チェック項目として、「手のひら・足裏・脇・顔・頭部など特定の部位に過剰な汗をかく」「その症状が6ヶ月以上継続している」「左右対称の部位に発汗が見られる」「週に1回以上、汗によって不便や困惑を感じることがある」「25歳以前から症状が始まっている」「直系家族(親・兄弟など)に同様の症状がある人がいる」「睡眠中は汗をかかない、または非常に少ない」などが挙げられます。
上記の項目のうち、複数に当てはまる場合は原発性多汗症の可能性があります。特に「特定の部位への発汗」「左右対称性」「睡眠中の発汗が少ない」という3点は原発性多汗症に特徴的な要素です。
次に、自分のHDSSスコアに相当する状態を確認してみましょう。先ほど説明した4段階の評価を振り返り、自分の日常生活への影響度合いをイメージしてみてください。「汗のことをほとんど気にしていない」であればスコア1、「少し気になるが生活には問題ない」であればスコア2、「汗のせいで不便を感じることがある」であればスコア3、「汗によって常に生活が制限されている」であればスコア4という目安になります。
スコア3以上に相当すると感じる方は、医療機関への相談を検討する価値があります。特に症状が長期間続いており、精神的なストレスにもなっているような場合は、早めに専門的なケアを受けることが大切です。
Q. 多汗症の保険診療が適用される条件は何ですか?
現時点で保険診療が適用されるのは原発性腋窩多汗症(脇の多汗症)のみで、HDSSスコアが3以上であることが条件です。手のひら・足裏・顔面などの多汗症は保険対象外となり自由診療となります。アイシークリニックでは受診時に適用可否を丁寧にご説明しています。

🎯 部位別に見る多汗症の特徴
多汗症は発症する部位によっても特徴が異なります。部位別の特徴を知ることで、自分の状態をより具体的に把握できます。

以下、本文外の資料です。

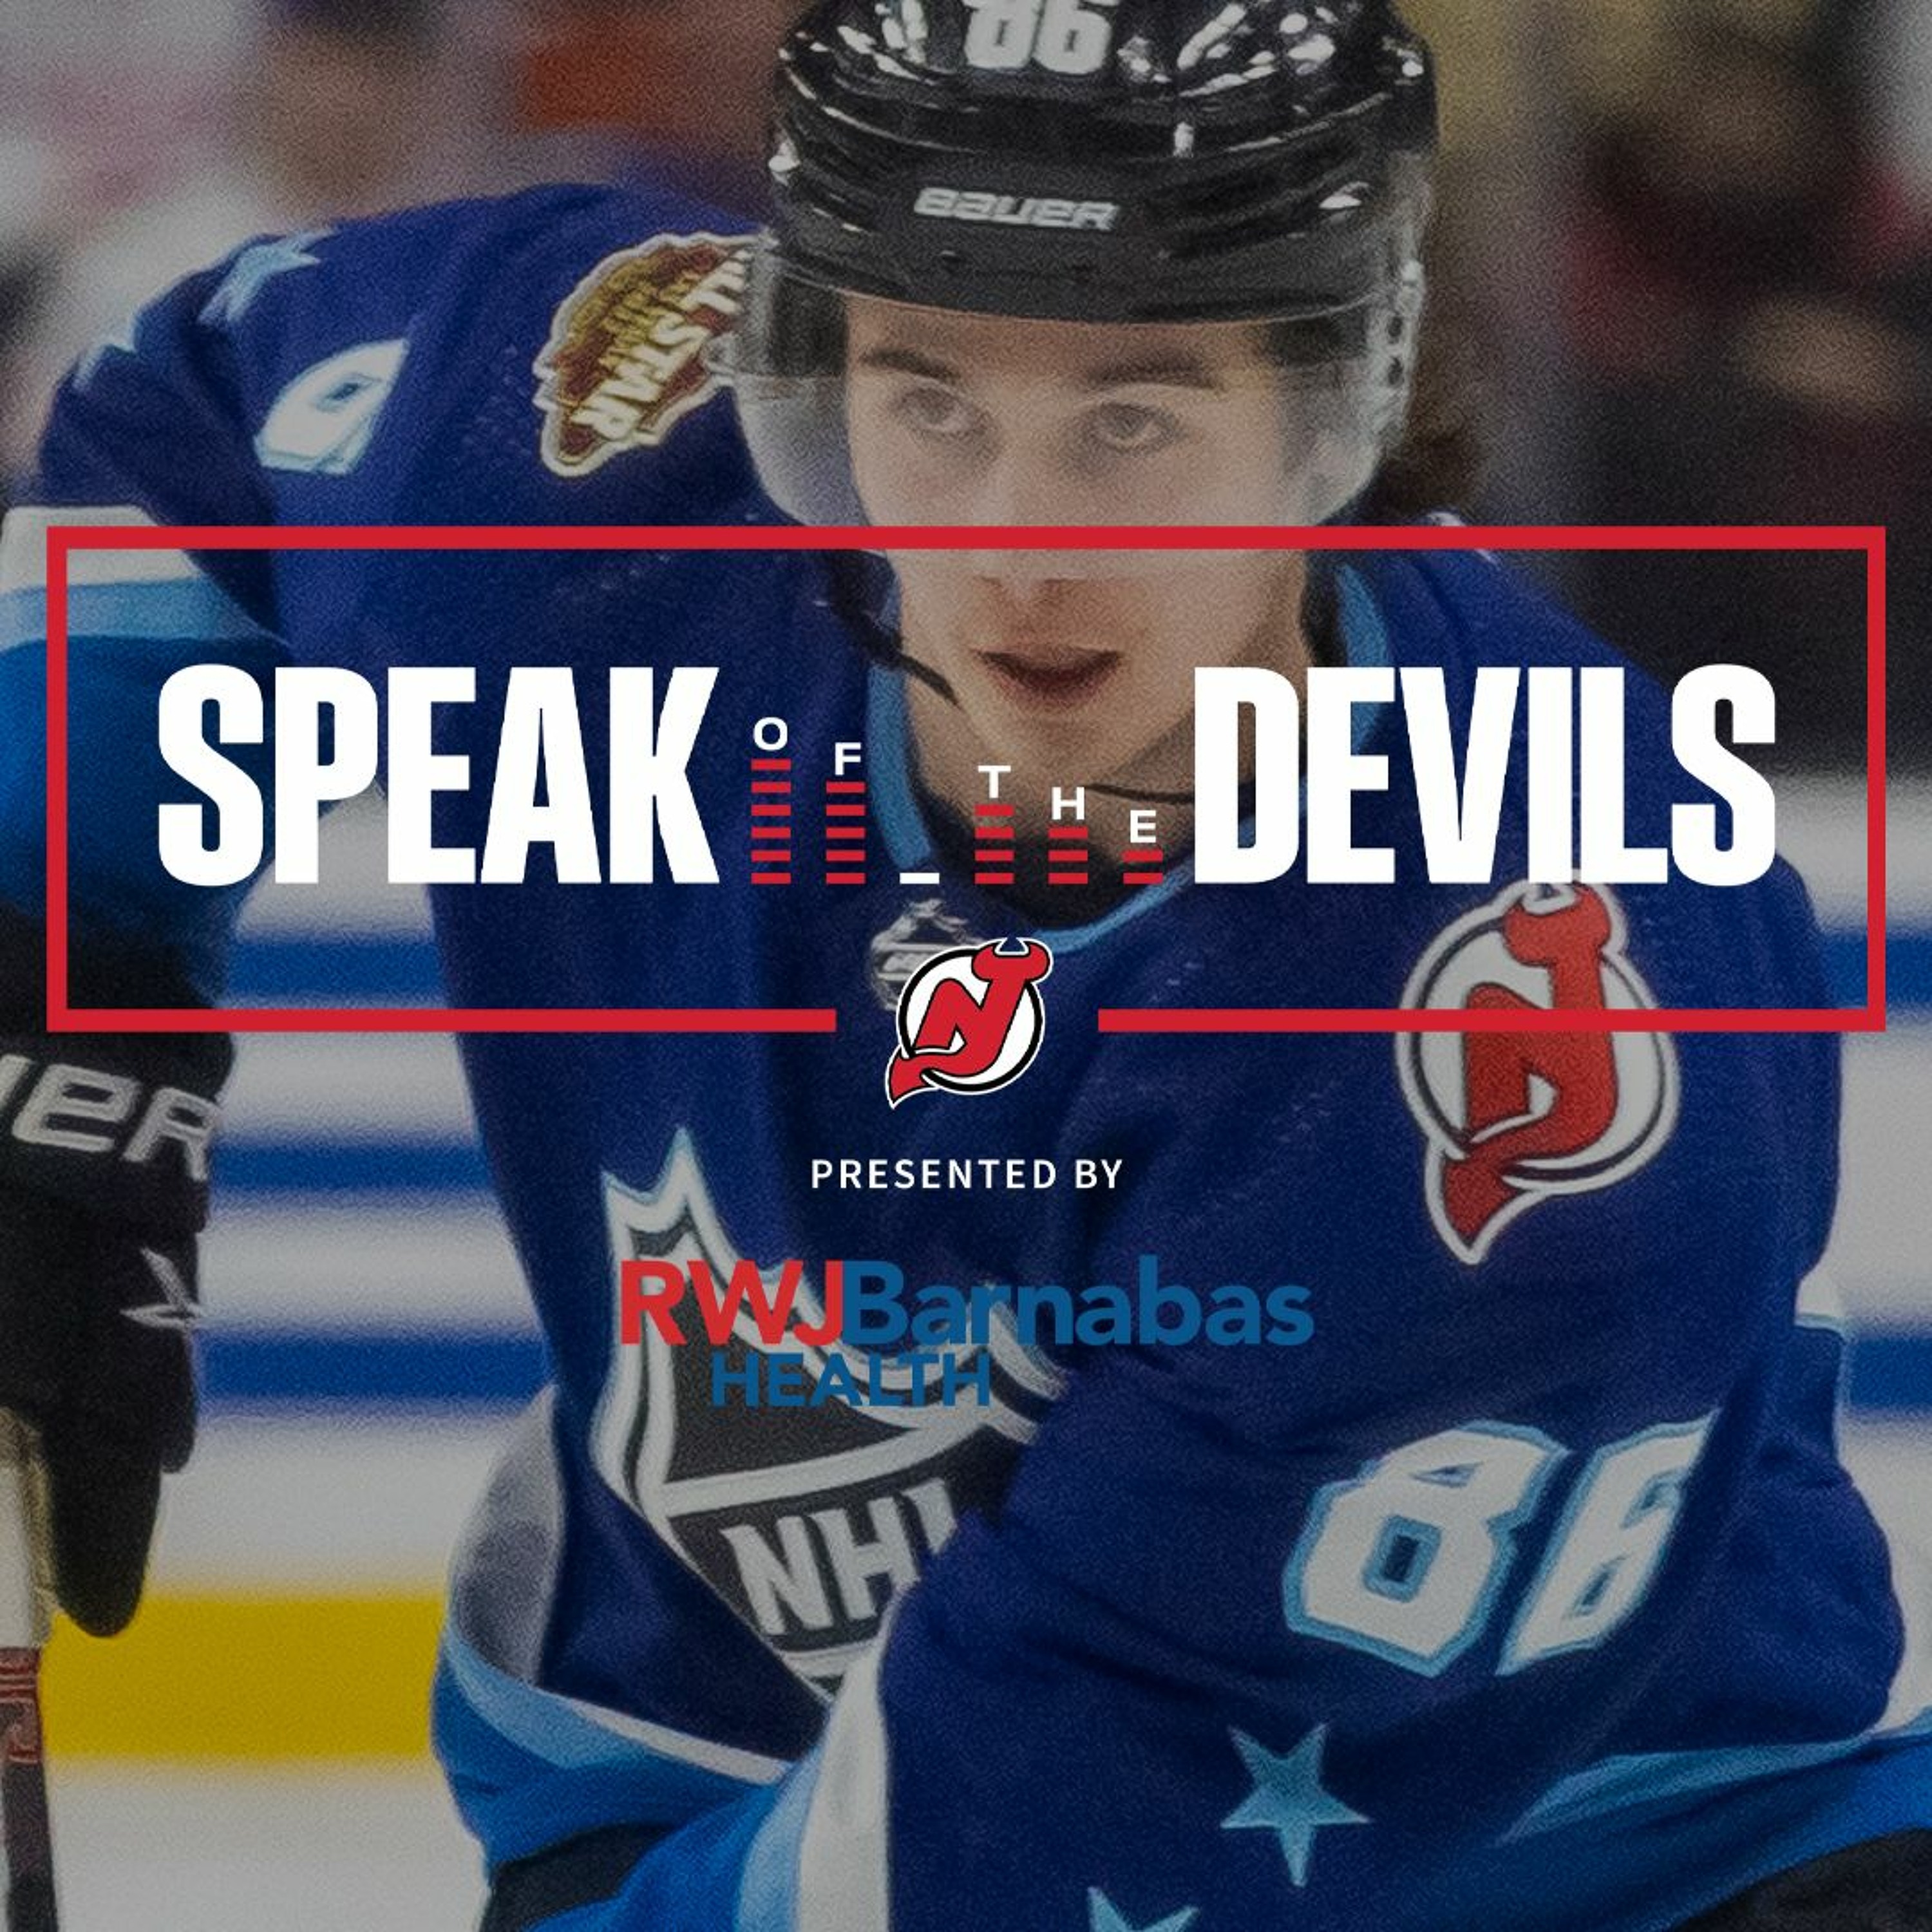 Jack Hughes | Speak of the Devils

手掌多汗症(手のひらの多汗症)は、日本で最も多く見られる多汗症の一つです。緊張していないときでも常に手のひらが濡れており、握手・タッチパネル操作・書き物・楽器演奏など、手を使うあらゆる場面で影響が出やすいです。日常生活への影響が大きく、学業や仕事でのパフォーマンスにも関わります。

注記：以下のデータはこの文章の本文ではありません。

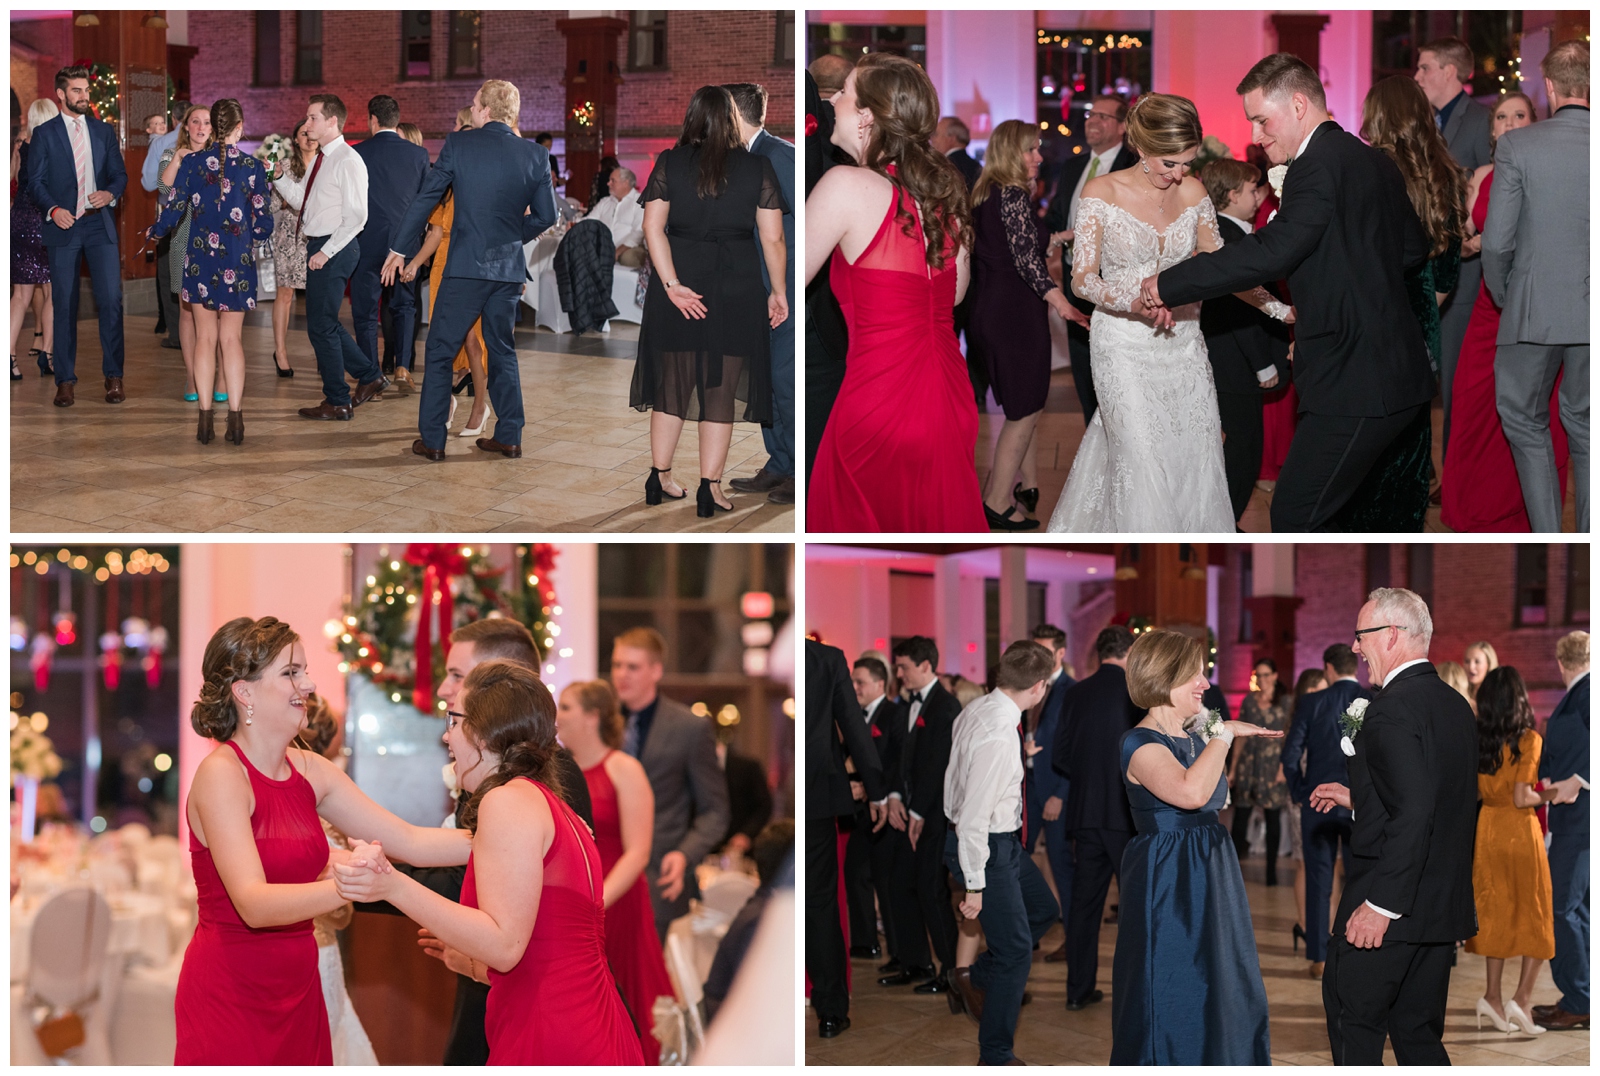 St. Charles Preparatory School wedding reception dancing

足底多汗症(足裏の多汗症)は手掌多汗症と同時に発症することが多く、靴の中が常に湿った状態になります。靴のにおいの原因にもなりやすく、裸足になることへの抵抗感を生じさせることがあります。
腋窩多汗症(脇の多汗症)は社会的なインパクトが大きい多汗症です。衣類への汗じみが目立つため、服装の選択肢が限られたり、脱衣を伴う場面を避けるようになったりする方もいます。日本では腋窩多汗症が保険診療の対象として認められており、医療機関での治療選択肢も広がっています。

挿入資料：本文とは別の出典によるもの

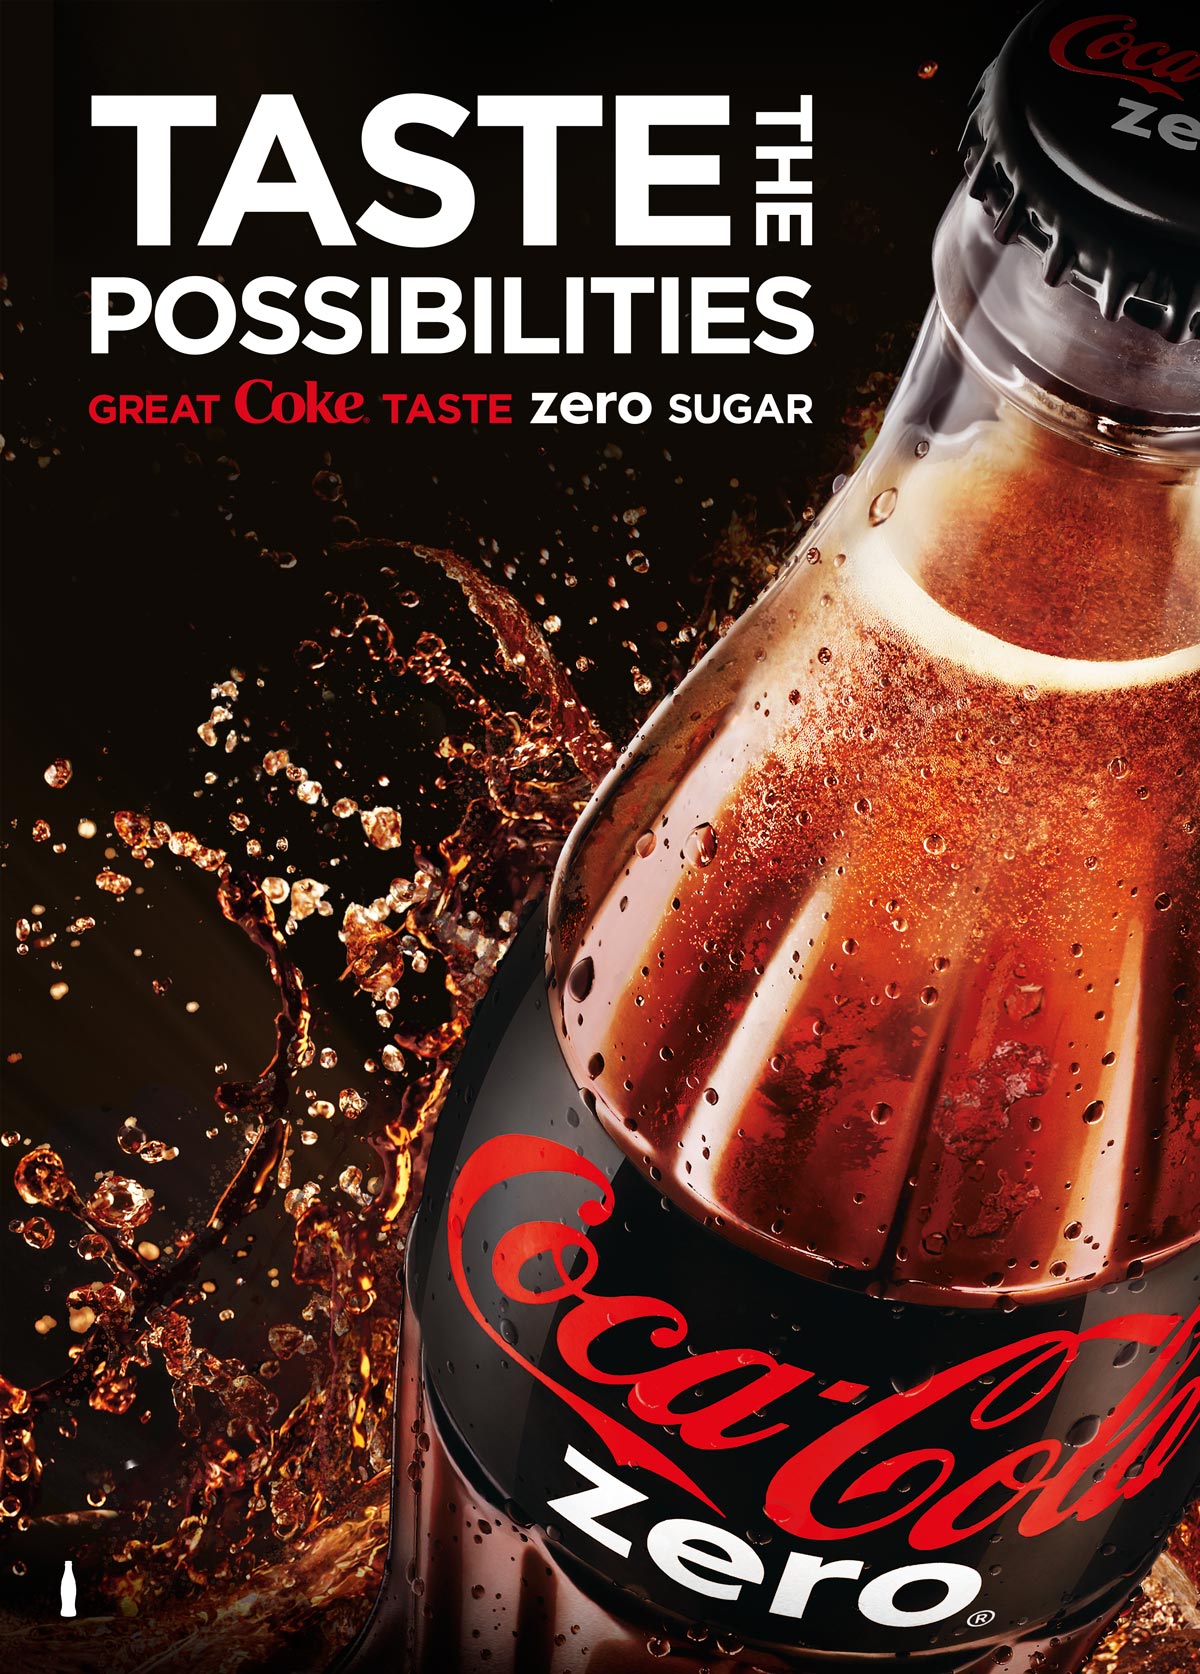 Coke Zero Advertising campaign key image

顔面・頭部多汗症は、顔や頭皮に大量の汗をかく状態で、他者の目に触れやすいため心理的な負担が特に大きくなりやすいです。食事をしているときに顔から汗が滴る「味覚性発汗」も顔面多汗症の一種として知られています。
鼠径部・臀部の多汗症は、下半身の特定部位に発汗が集中するタイプで、ズボンや下着が常に湿った状態になります。他の部位に比べてあまり話題になりませんが、不快感や皮膚トラブルの原因にもなります。
なお、複数の部位に同時に多汗症が見られる「多部位性多汗症」も少なくありません。特に手掌と足底が同時に発症するケースや、脇と手掌が同時に該当するケースはよく見られます。
💡 重症度別の治療の選択肢
多汗症の治療には、重症度や発症部位に応じてさまざまな選択肢があります。ここでは軽症から重症まで、段階別に主な治療法を紹介します。
軽症(HDSSスコア1〜2)の場合は、まず生活習慣の改善や市販品での対応が第一選択となることが多いです。制汗スプレーやロールオンタイプの制汗剤、汗取りシートの使用、汗をかきやすい食品(辛いもの、カフェイン、アルコールなど)の制限、通気性の良い衣類の選択、ストレス管理などが該当します。
中等症(HDSSスコア2〜3)になると、市販品での対応だけでは不十分になり、医療機関での治療が選択肢に入ってきます。
まず塩化アルミニウム外用薬があります。これは処方薬・市販薬の両方があり、汗腺の開口部をふさぐことで発汗を抑制します。脇・手・足などに適用でき、比較的手軽に始められる治療法です。ただし、皮膚への刺激感が出ることがあるため、使用方法を正しく守ることが大切です。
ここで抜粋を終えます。